:: Your task ::
In your copy of the data, keep every word exact and include no pictures.

:: Source data ::
--- START ---

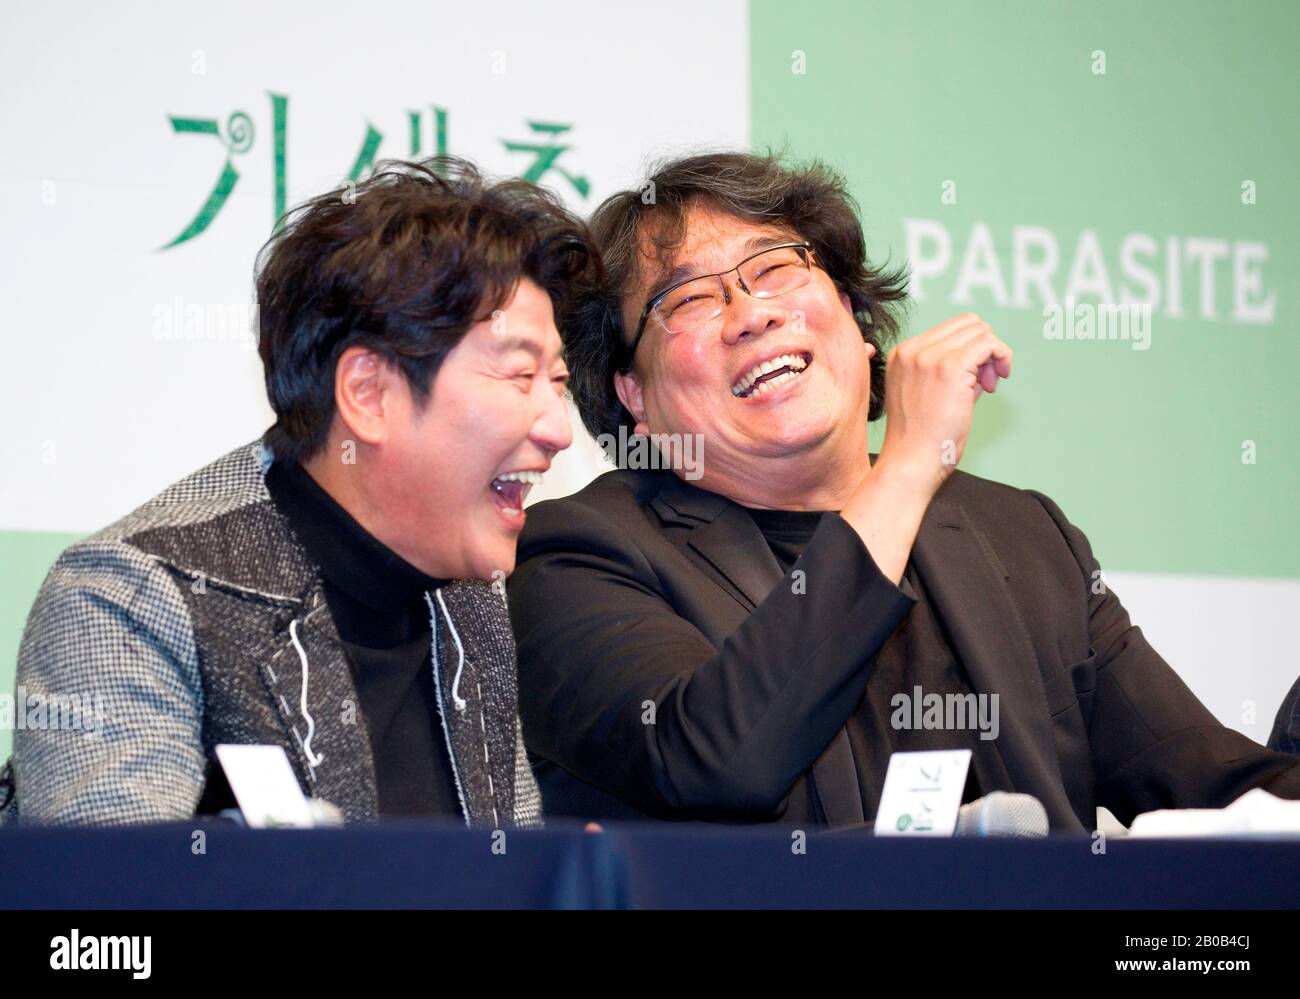 Bong Joon-Ho and Song Kang-Ho, Feb 19, 2020 : Bong Joon-Ho (R), South Korean director of the Oscar-winning film 'Parasite' and actor Song Kang-ho attend a press conference in Seoul, South Korea. The Korean black comedy thriller won four Oscar titles at the Academy Awards on Feb 9, 2020, becoming the first non-English language film to capture best picture in its 92-year history. Credit: Lee Jae-Won/AFLO/Alamy Live News Stock Photo
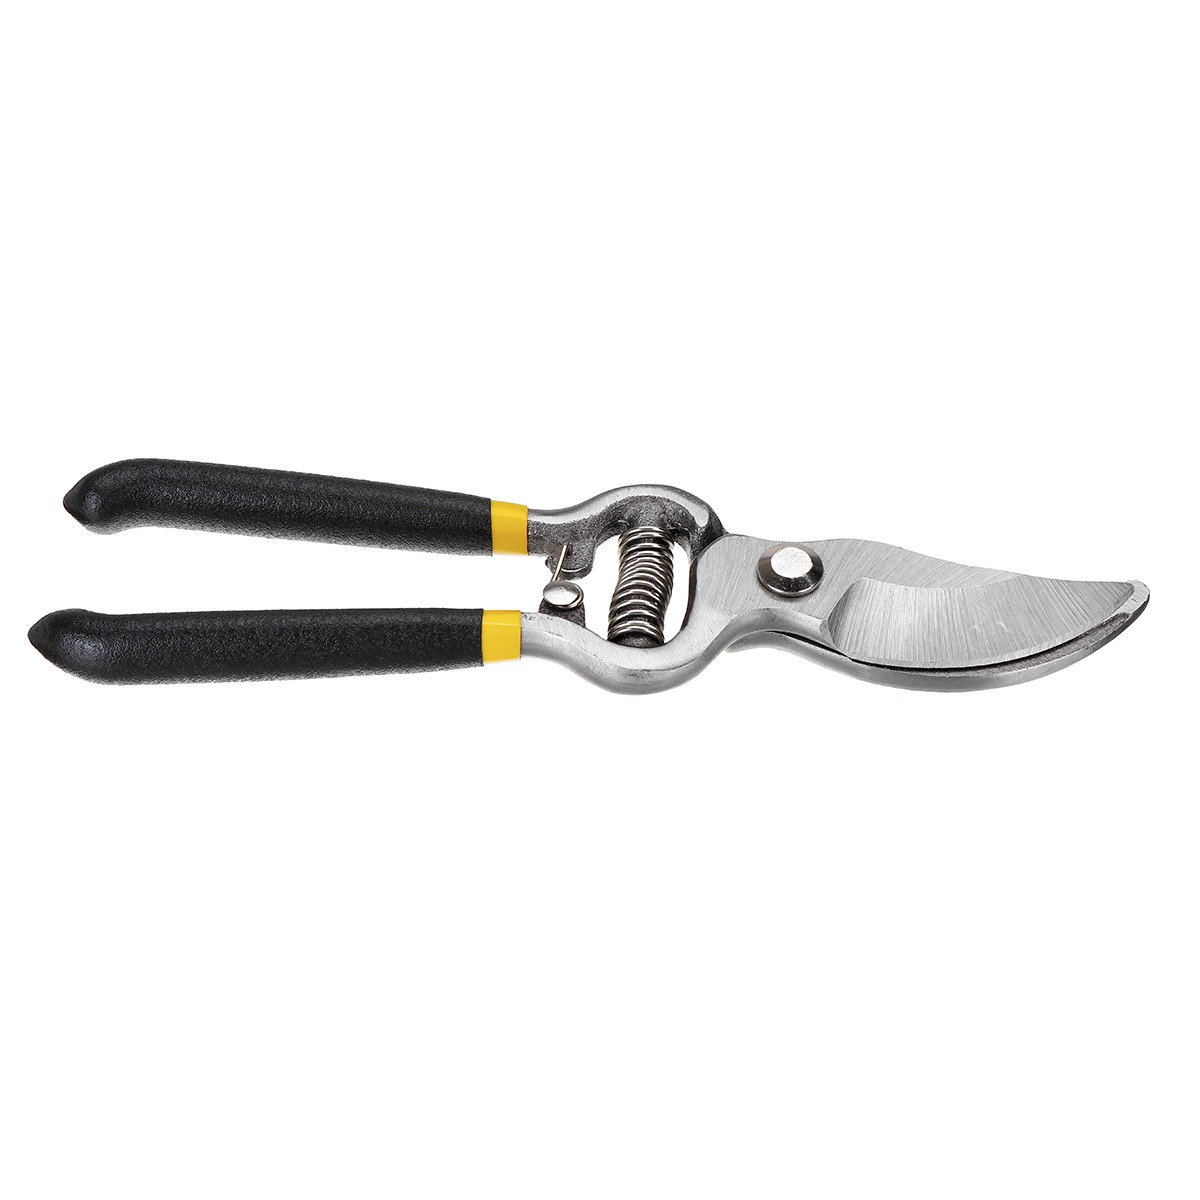 8inch-Carbon-Steel-Professional-Loppers-Garden-Cutter-Bypass-Tree-Pruning-Shears-Clippers-1412616-6
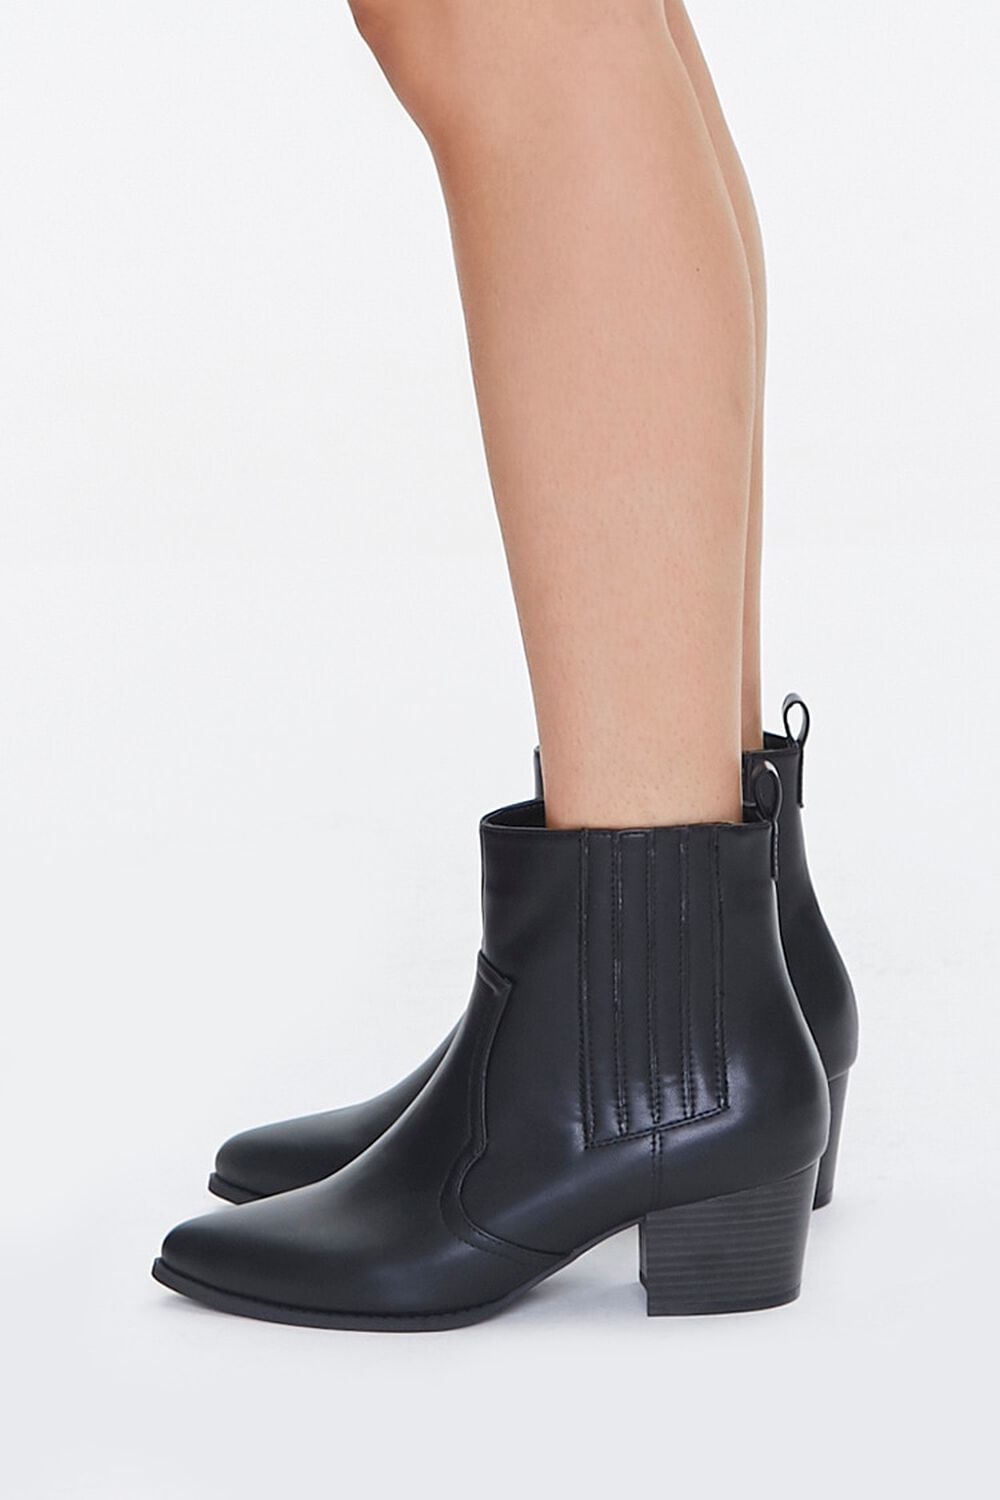 Faux Leather Pointed Toe Booties, image 2
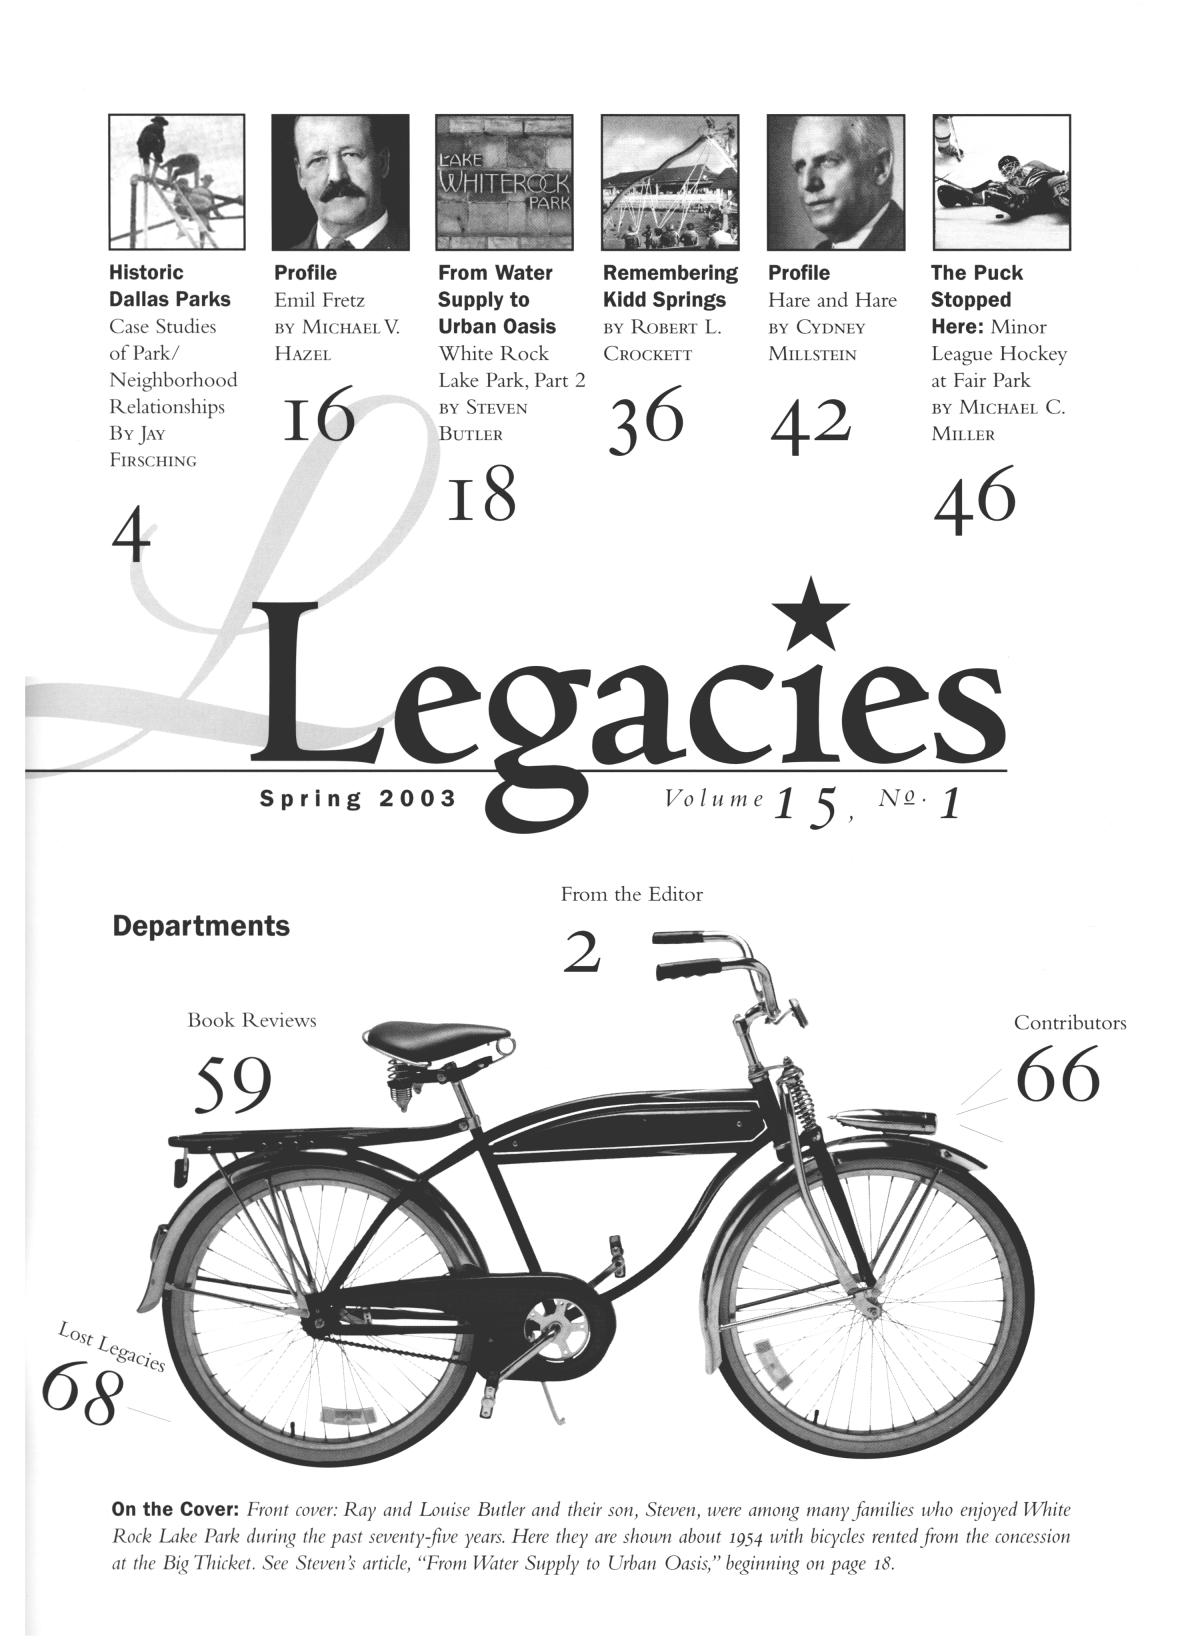 Legacies: A History Journal for Dallas and North Central Texas, Volume 15, Number 1, Spring, 2003
                                                
                                                    1

--- END ---

:: Solution ::
 Bong Joon-Ho and Song Kang-Ho, Feb 19, 2020 : Bong Joon-Ho (R), South Korean director of the Oscar-winning film 'Parasite' and actor Song Kang-ho attend a press conference in Seoul, South Korea. The Korean black comedy thriller won four Oscar titles at the Academy Awards on Feb 9, 2020, becoming the first non-English language film to capture best picture in its 92-year history. Credit: Lee Jae-Won/AFLO/Alamy Live News Stock Photo
 8inch-Carbon-Steel-Professional-Loppers-Garden-Cutter-Bypass-Tree-Pruning-Shears-Clippers-1412616-6
 Faux Leather Pointed Toe Booties, image 2
 Legacies: A History Journal for Dallas and North Central Texas, Volume 15, Number 1, Spring, 2003
                                                
                                                    1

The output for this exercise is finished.